The report points out that most people in urban areas rent, rather than own, their homes and are required to find cash regardless of their employment status, a situation which necessitates “alternative livelihood strategies ……inside or outside the law”.

It notes that to make ends meet, shrewd individuals engage in “business-like” activities such as sale of drugs, prostitution, gambling, loan sharking, sale of stolen property and official corruption, rackets that an un-proactive police would not be able to detect.

Organised crime too, has also found a foothold in the country. It involves enlisting and recruiting both former and on-job-police officers into the rank and file of crime syndicates and criminal markets to pay a blind eye to criminals and criminal activity.

Fueling the sad development is government’s reluctance to improve the justice system.
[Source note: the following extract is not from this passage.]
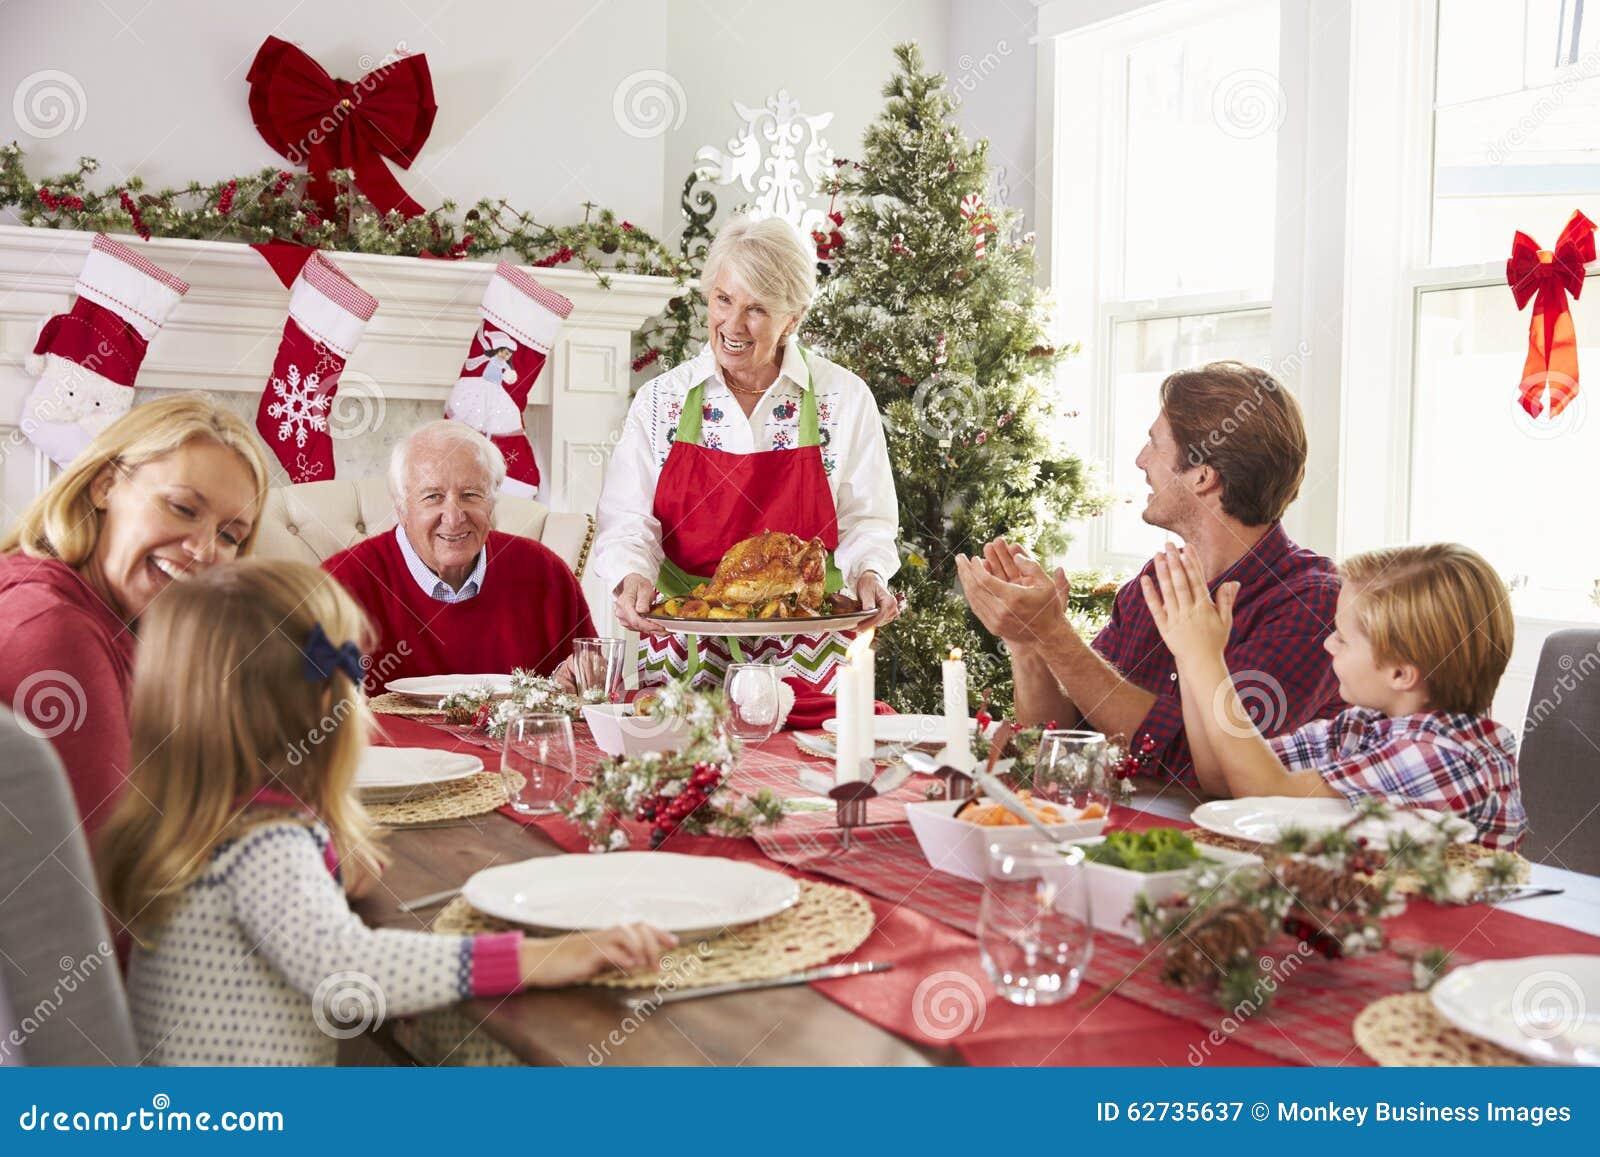 Pasti Di Natale.Nonna Che Mette In Evidenza La Turchia Al Pasto Di Natale

Currently, government and the justice delivery authorities are locked in a battle of resources.

In the 2015-2016 National Budget, government is shying away from providing the justice system adequate funds to ensure police effectiveness through improved police to public ratios, reduced caseloads per police officer and ability to prosecute criminals.

As the case is, government may seem to be prepared to forego the cost of increasing the number of judges to speed up criminal cases, a situation that will see the country continue experiencing judicial inefficiency including court delays.

And if the situation is left at that, prisons will be infested with more inmates ‘awaiting trial’. Remandees, as inmates who have not been found guilty of wrong doing, do not participate in rehabilitation programmes but are, by virtue of their presence in prisons, entitled bleed dry state resources.

It, therefore, is imperative that political leaders, technocrats and development partners integrate and be influenced by crime prevention in all their development plans and projects in order to reduce poverty and address the socio-economic and administrative issues that plunge citizens into criminal activity.